Search code examples
algorithmsortingbubble-sort

Number of required passes to fully sort using BubbleSort?


I'm investigating the mathematics behind the number of passes required to sort each of the possible combinations of integers [1,n] in an array[n].

For example, with n = 3, there are 3! = 6 possible permutations of the numbers:

1,2,3 - 1,3,2 - 2,1,3 - 2,3,1 - 3,1,2 - 3,2,1.
  • One of these initial permutations requires k = 0 passes (1,2,3) to sort the array into ascending order;
  • Three of them require k = 1 pass (1,3,2 - 2,1,3 - 3,1,2) and
  • Two require k = 2 passes (2,3,1 - 3,2,1).

Basically, I want to be able to derive mathematically the set of numbers of passes {k} for a given n.

For n = 4, the number of initial permutations, P, that require k passes is P(n,k) = 1,7,10,6 for k = 0,1,2,3.

There is of course only ever 1 initial permutation for k = 0 (already in ascending order), ie P(n,0) = 1, and the number of initial permutations for the highest value of k (which is n-1) is k!, ie P(n,n-1) = (n-1)! . Or, at least I think so...
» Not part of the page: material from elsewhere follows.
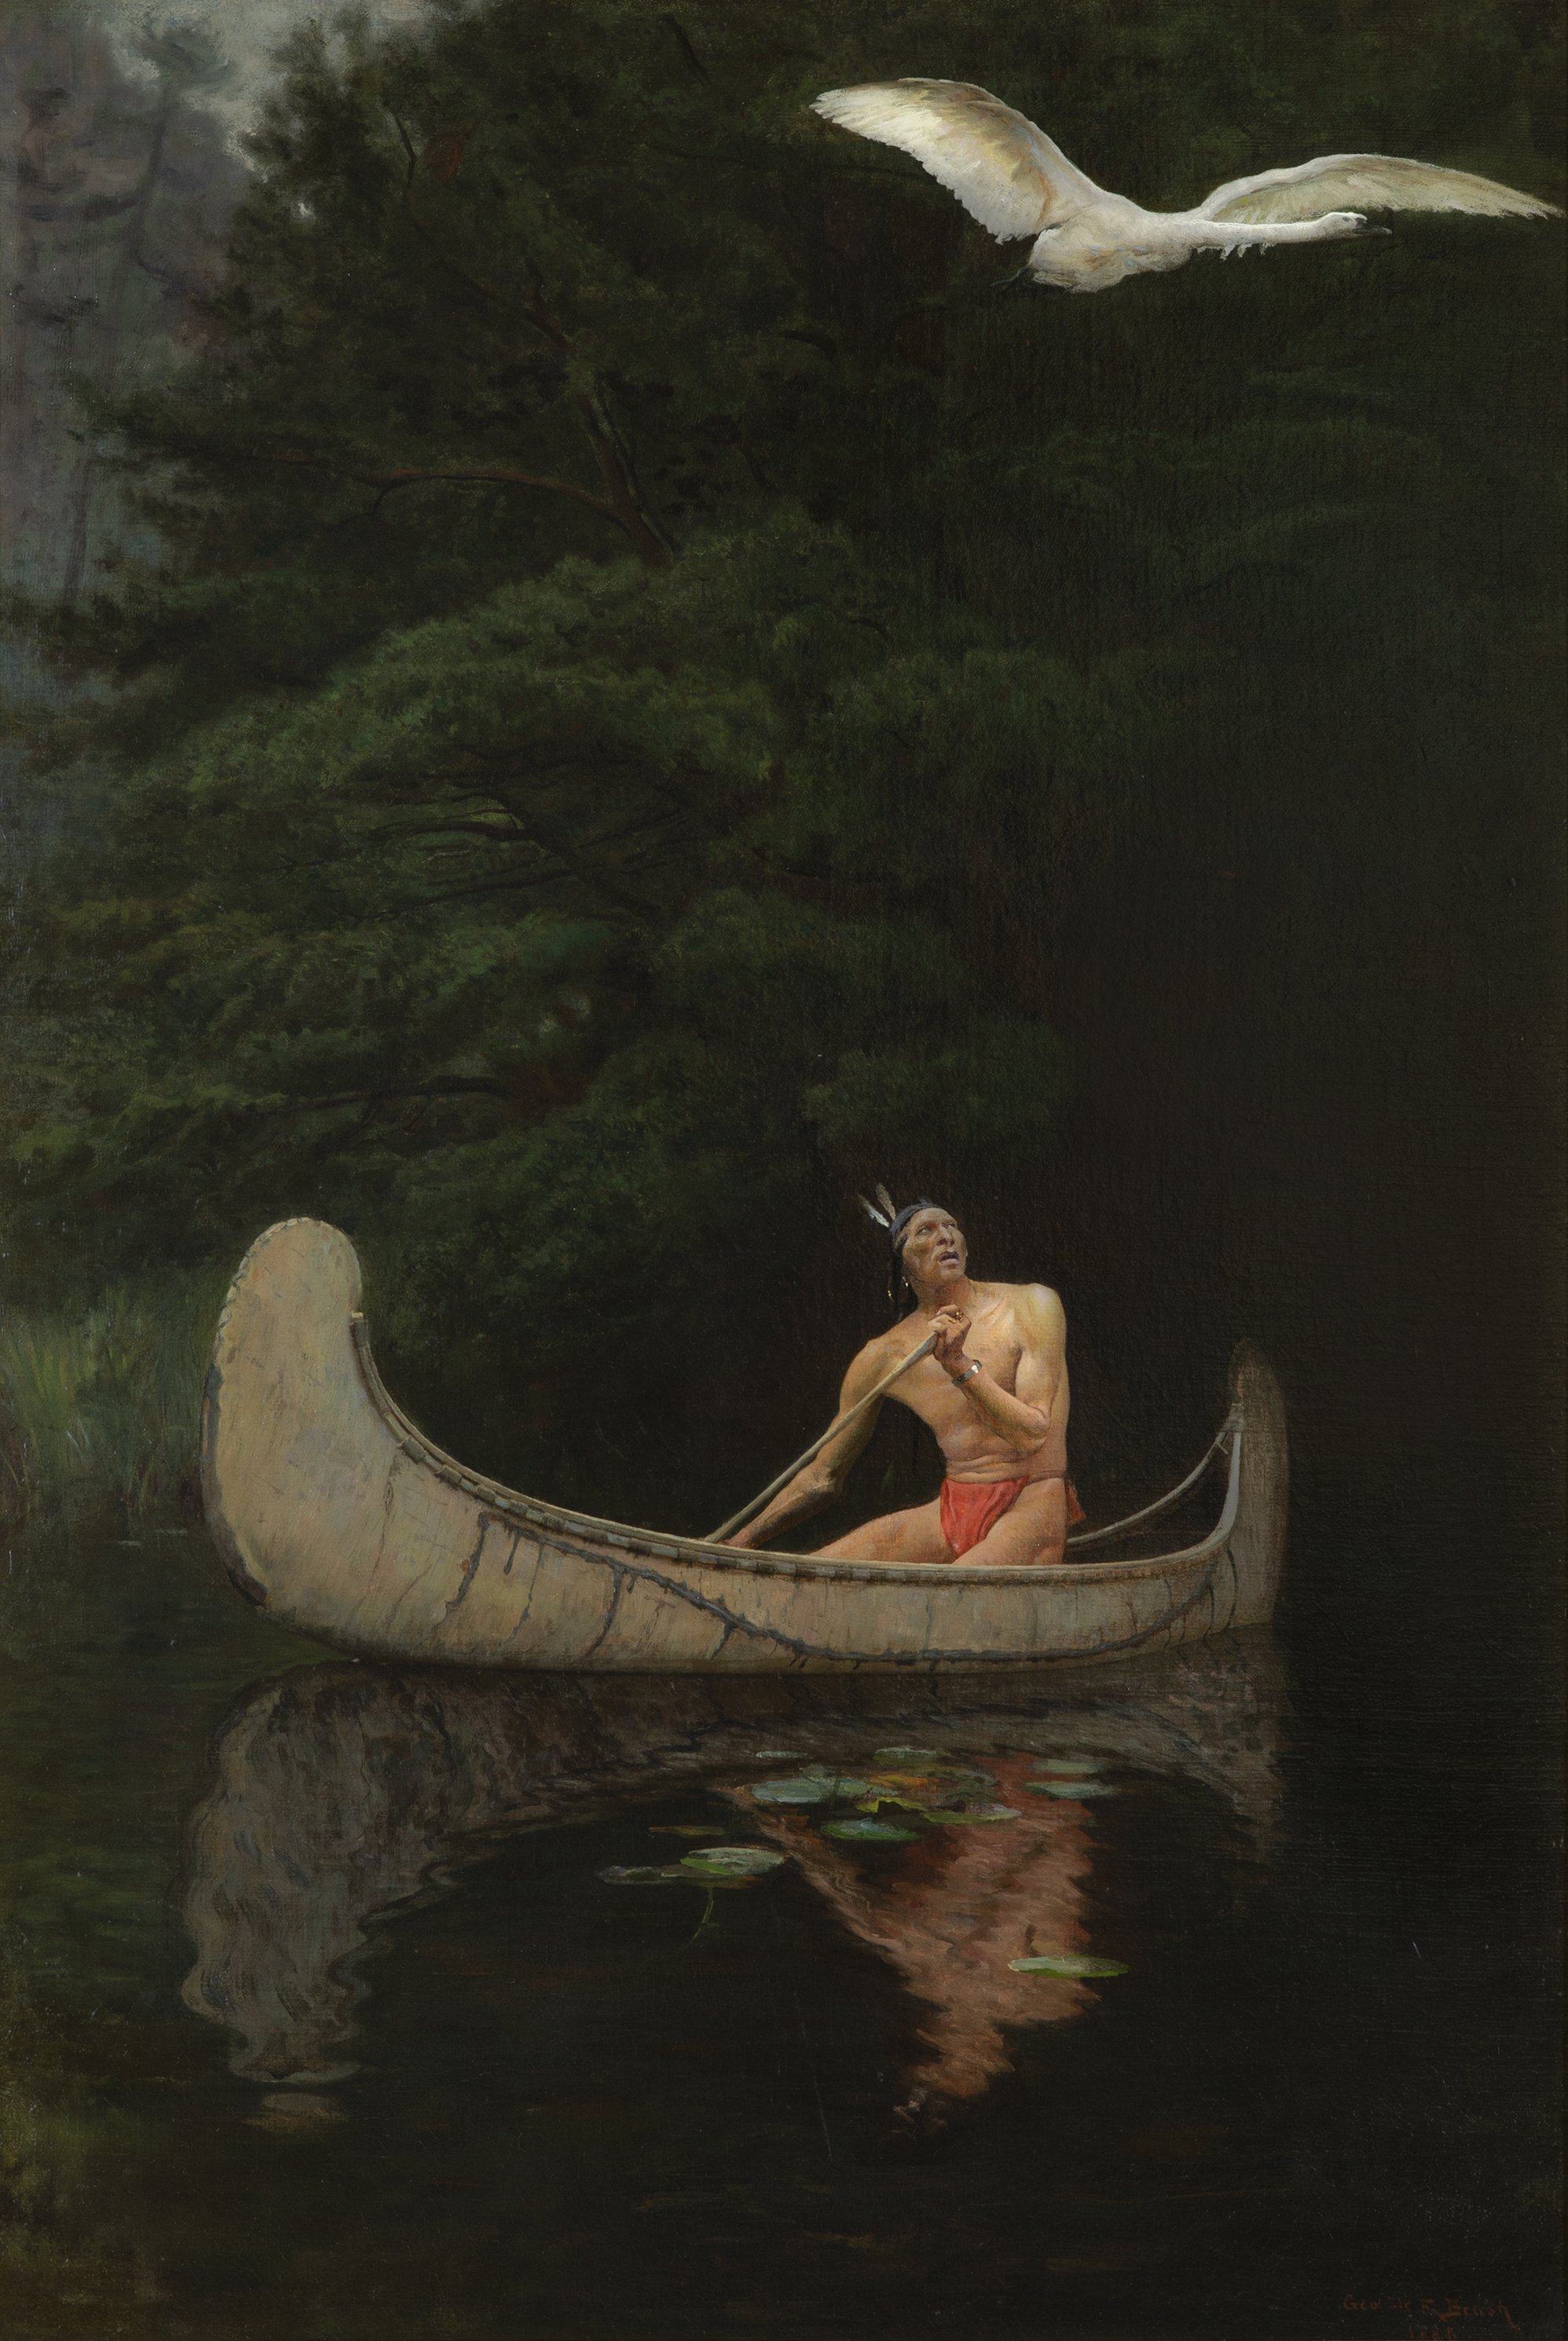  GEORGE DE FOREST BRUSH (1855-1941)     The Silence Broken ,&nbsp;1886.&nbsp;Oil on canvas.&nbsp;26.75 x 18.25 inches. 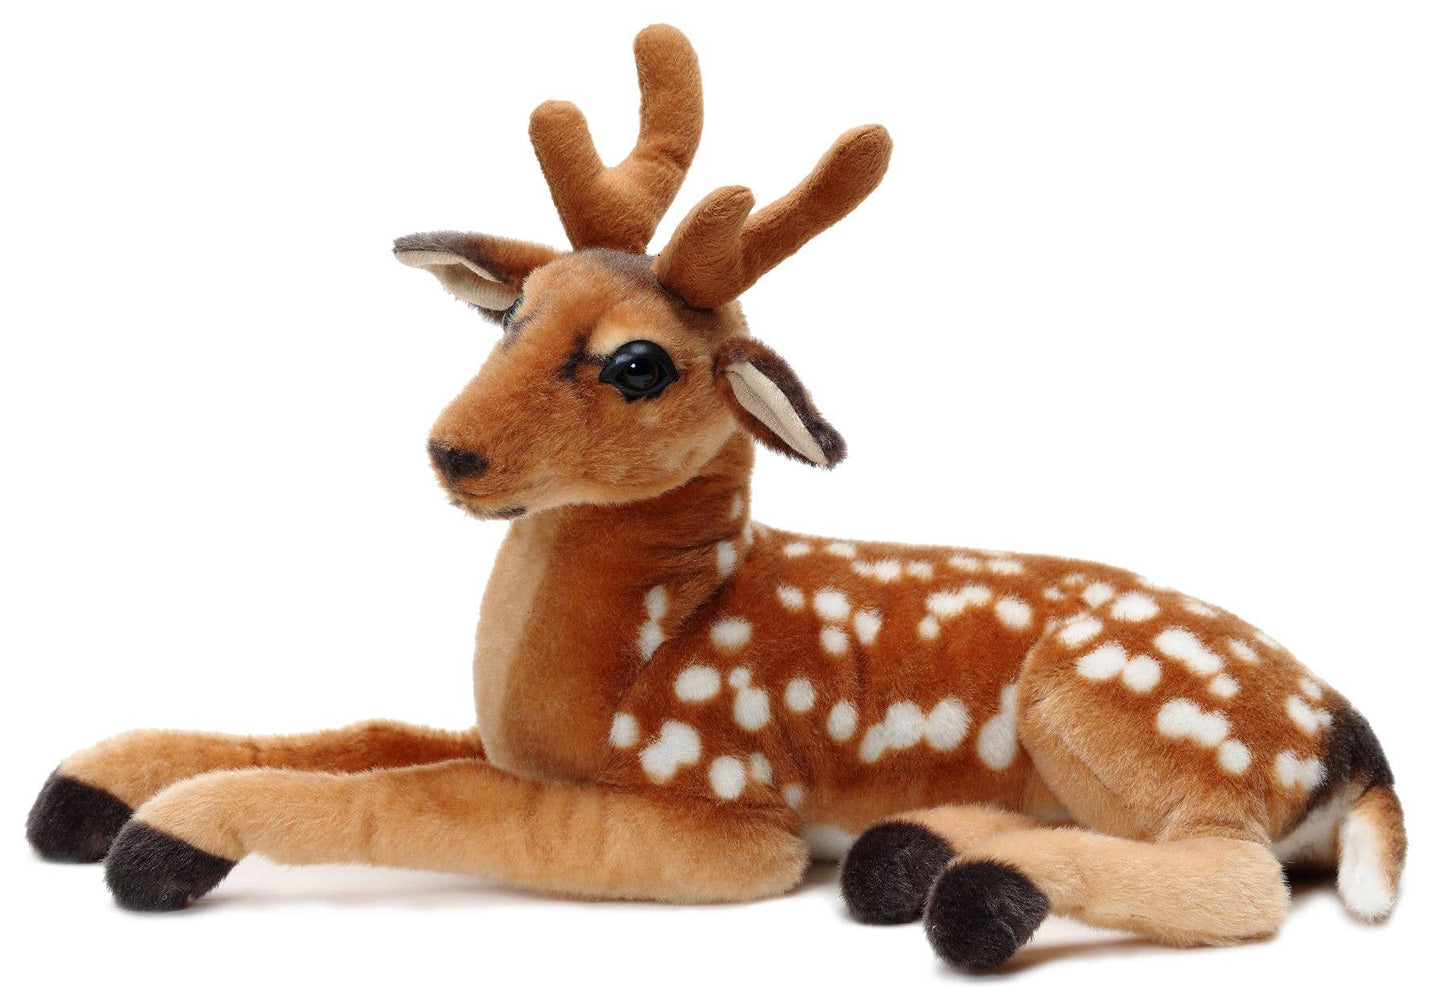 Dorbin the Deer Stuffed Animal Plush

I feel like this is simpler than I'm making it and involves factorial formulae.


Solution

  • An algorithm for generating permutations is Heap's algorithm. This code is a brute-force method to calculate the permutations of n objects. For each configuration, the number of passes is the maximum length any element is from it's sorted position, O(n). Given n, this gives all the the P(n, k) by doing a histogram; it's running time is exponential in n, (in C.)

    #include <stdlib.h> /* EXIT */
    #include <stdio.h>  /* printf */
    #include <assert.h> /* assert */
    #include <errno.h>  /* errno, ERANGE */
    
    typedef void (*PermuteFunc)(const size_t a_size);
    
    unsigned a[12];
    const size_t a_max = sizeof a / sizeof *a;
    
    /* https://en.wikipedia.org/wiki/Heap%27s_algorithm#cite_note-3 */
    static void heaps_r(const size_t a_size, const unsigned k,
        const PermuteFunc func) {
        size_t i, j;
        assert(k && a_size);
        if(k == 1) { func(a_size); return; }
        for(i = 0; i < k; i++) {
            heaps_r(a_size, k - 1, func);
            if(i >= k - 1) continue;
            j = (k & 1) ? 0 : i; /* Odd/even. */
            a[j] ^= a[k-1], a[k-1] ^= a[j], a[j] ^= a[k-1]; /* Swap. */
        }
    }
    
    /* Generates all permutations of size `a_size` and passes them to `func`.
     @return Success. */
    static int heaps(const size_t a_size, const PermuteFunc func) {
        size_t i;
        assert(func);
        if(!a_size || a_size > a_max) return errno = ERANGE, 0;
        for(i = 0; i < a_size; i++) a[i] = i + 1; /* Distinct numbers. */
        heaps_r(a_size, a_size, func);
        return 1;
    }
    
    static unsigned histogram[256]; /* This is good enough, right? */
    static size_t histogram_size = sizeof histogram / sizeof *histogram;
    
    /* @implements PermuteFunc */
    static void print(const size_t a_size) {
        size_t i, bin = 0;
        assert(a && a_size);
        for(i = 0; i < a_size; i++) printf("%d ", a[i]);
    #if 0 /* I misread the question. */
        /* O(n^2) way to calculate the Kendall tau distance. */
        for(i = 0; i < a_size; i++) {
            size_t j;
            for(j = i + 1; j < a_size; j++) if(a[i] > a[j]) bin++;
        }
    #else
        /* Calculate the number of passes bubble-sort needs to make. */
        for(i = 0; i < a_size; i++) {
            size_t passes = abs(a[i] - i);
            if(passes > bin) bin = passes;
        }
    #endif
        if(bin >= histogram_size) {
            fprintf(stderr, "Histogram too small for %d.\n", (unsigned long)bin);
            return;
        }
        histogram[bin]++;
        printf("-> %d\n", bin);
    }
    
    int main(int argc, char **argv) {
        int n;
        size_t k;
        const char *err = 0;
        do {
            if(argc != 2 || (n = atoi(argv[1]), n <= 0))
                { errno = EDOM; err = "Argument needed"; break; }
            if(!heaps(n, &print)) { err = "Heap's"; break; }
            printf("\n");
            for(k = 0; k < histogram_size; k++) if(histogram[k])
                printf("P(%d, %lu) = %u\n", n, (unsigned long)k, histogram[k]);
        } while(0);
        return err ? (perror(err), EXIT_FAILURE) : EXIT_SUCCESS;
    }
    

    Passing 4, I get,

    P(4, 1) = 1
    P(4, 2) = 7
    P(4, 3) = 10
    P(4, 4) = 6
    

    I Googled the Kendall tau distance code and notice that it's the coefficients in expansion of Product_{i=0..n-1} (1 + x + ... + x^i), however the code with the passes of bubble-sort doesn't match any documents.